I bought my first (used) UTV about 4-5 years ago and have been happy using it to clean driveways. Not knowing anything about UTV's and trying to save money I bought a 2007 Arctic Cat Prowler 650 for $6,000 with a full soft cab, although it's been a good machine my biggest complaint is cab noise. I've since ridden in newer Polaris Ranger and just this weekend a John Deere 825i and they are a lot quieter.

Also a drawback to my Prowler is the engine is between the seats, most of the other models have the engine farther back under the bed which I think helps with traction especially when driving with the plow raised, I add weight to the back of mine. It seems the popular choice I've been reading on here is the Kubota. If your going to be driving from site to site plowing or on the street during the summer does speed matter? I think the Kubota top speed is 29 mph, other brands will be between 45-65 mph, if I went back with an Arctic Cat it would be the HDX model which is more of a Polaris Ranger style, I know a guy who has one and it works very well for him.
The Boss V-Plow would be the best choice, I'm using a 72" Eagle Plow straight blade and made my own power angle, the full hydraulics of the Boss would be great.
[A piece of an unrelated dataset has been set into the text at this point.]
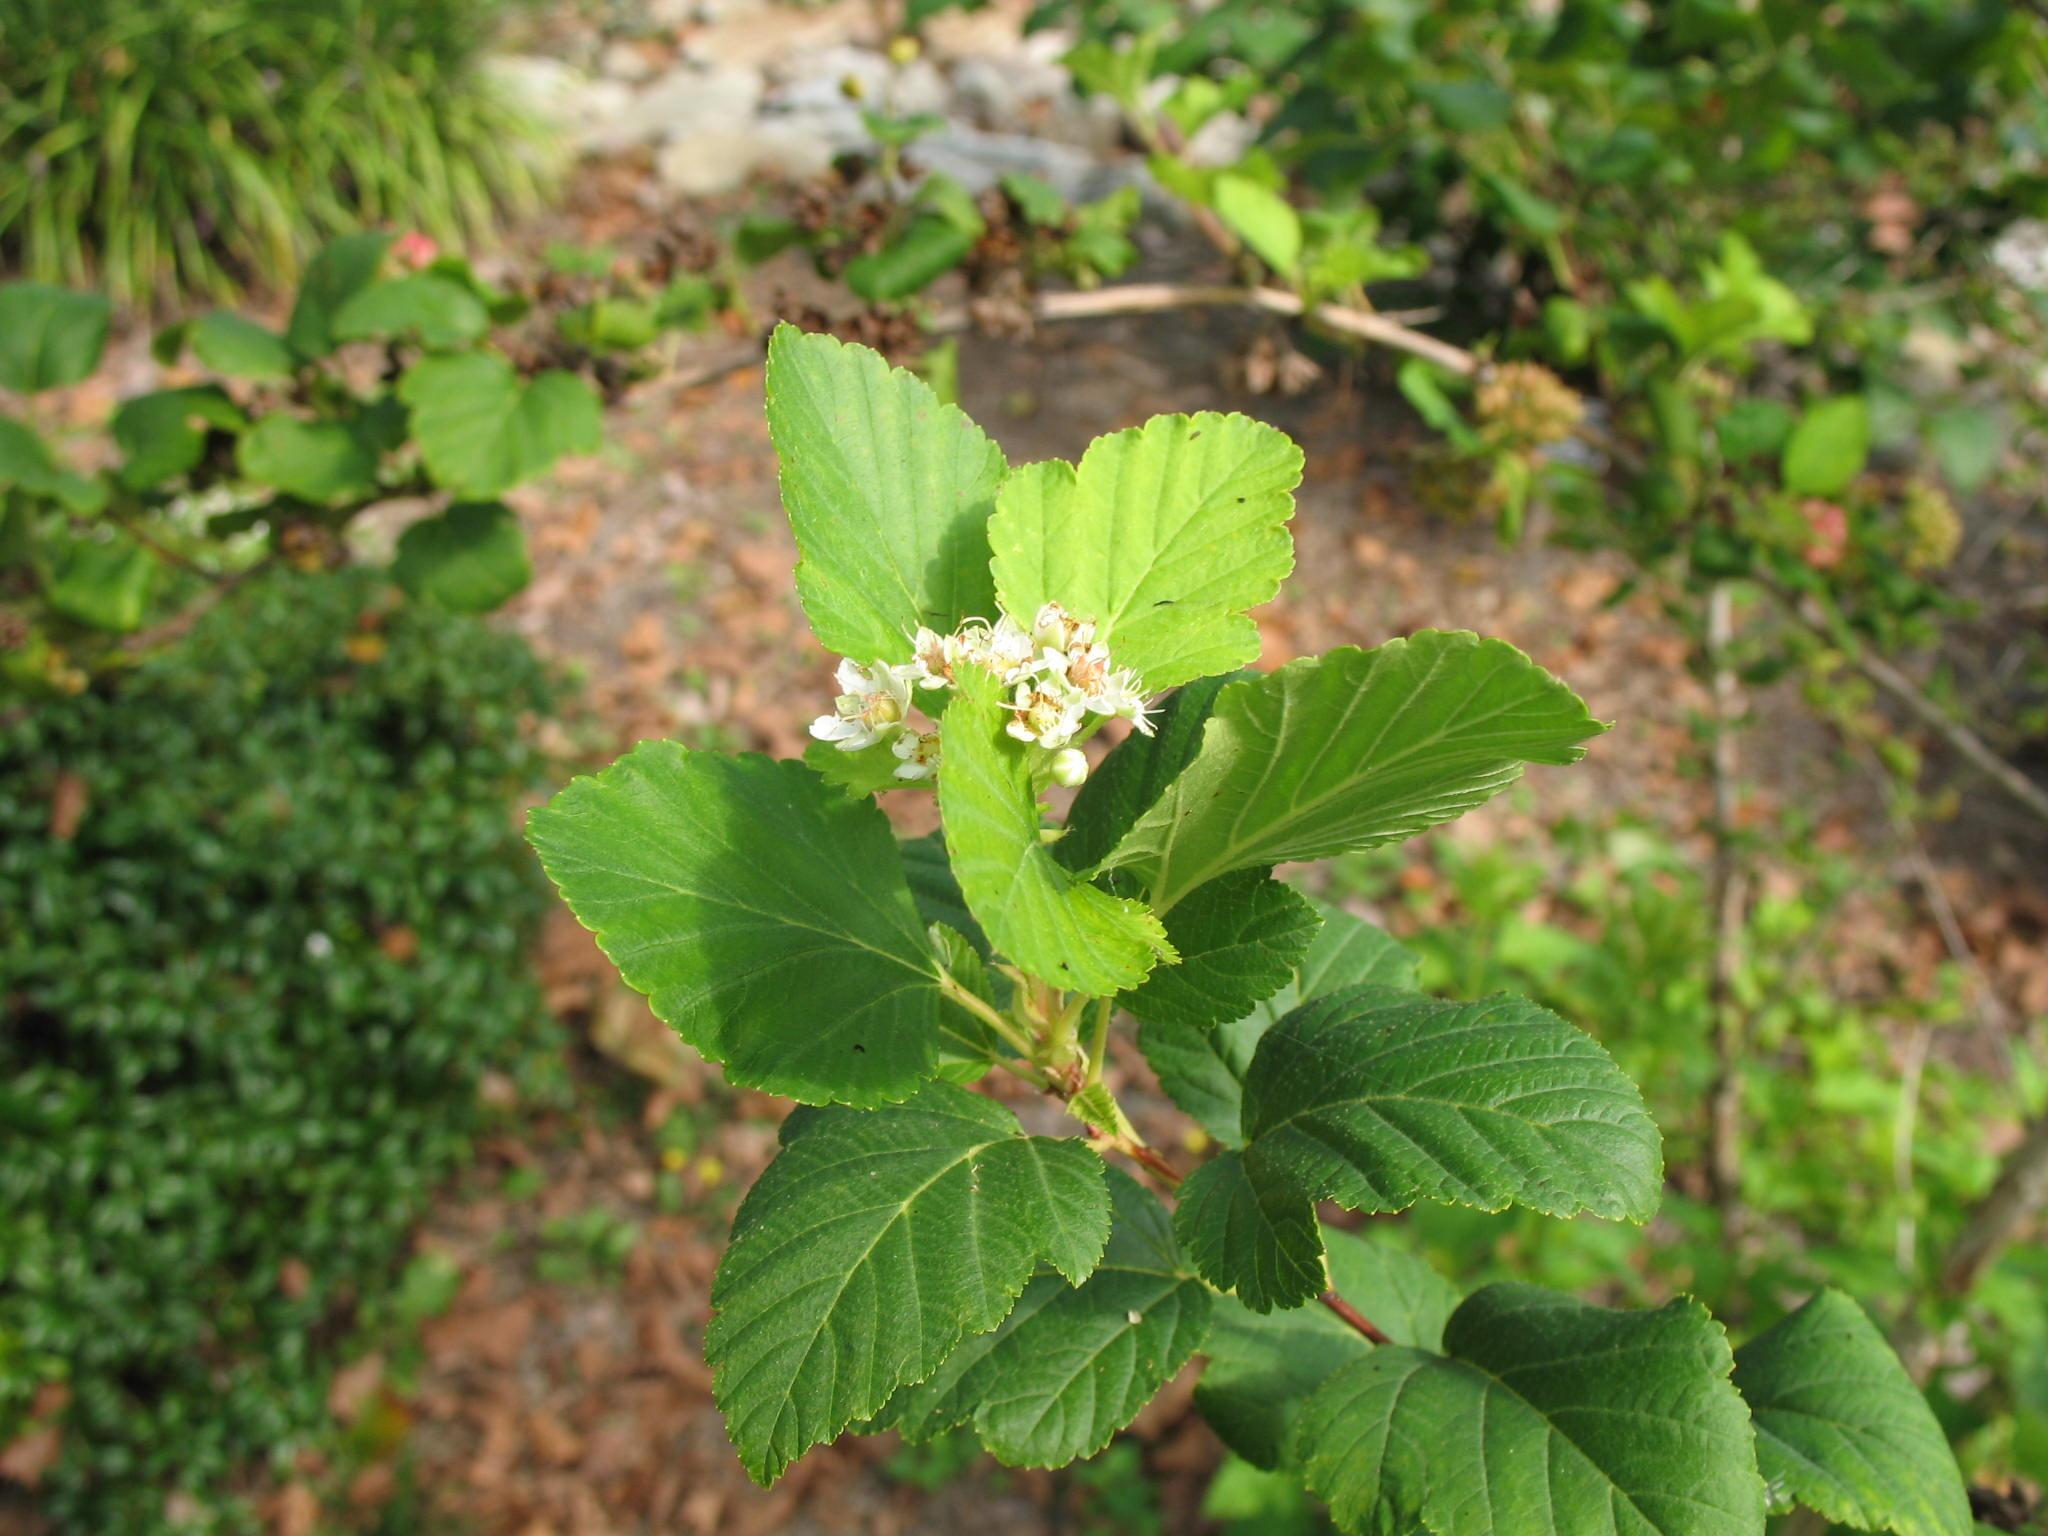 Physocarpus opulifolius  / Physocarpus opulifolius

I don't know what part of Kansas your in but you know we've had a few big snows a couple years ago and the V-Plow would have made that first cut a lot easier.

Here's a site that has a few accessories to checkout, but they are expensive. 
http://www.quickattach.com/atv-utv-attachments/snowequipment
So far I've been just helping out family & some of my elderly neighbors (I'm 53 so I guess that includes ME) doing about 15 driveways for free but I'm considering talking to the city about doing some of their sidewalks, my brother used to make 5 grand a year contracting with them. If I do I think the UTV snowblower or power broom for light snows might be a good option to use around some of the buildings.


----------



## Carroll257 (Nov 13, 2014)

I use a 2014 Kawasaki Teryx (2 seat version). It's a heavy machine, but the efi 800 v-twin had no issues last winter pushing a 72" blade. Major bonus to the kawasaki was the 3 year warranty vs 6 months from some other manufacturers. It's not a quiet machine, but like you, I use it all year long. It is a good workhorse, but you can also take it out and have some serious fun with it in the woods.


----------



## snowsniper1 (Nov 26, 2006)

YouTube rangers or utv plowing lots of videos


----------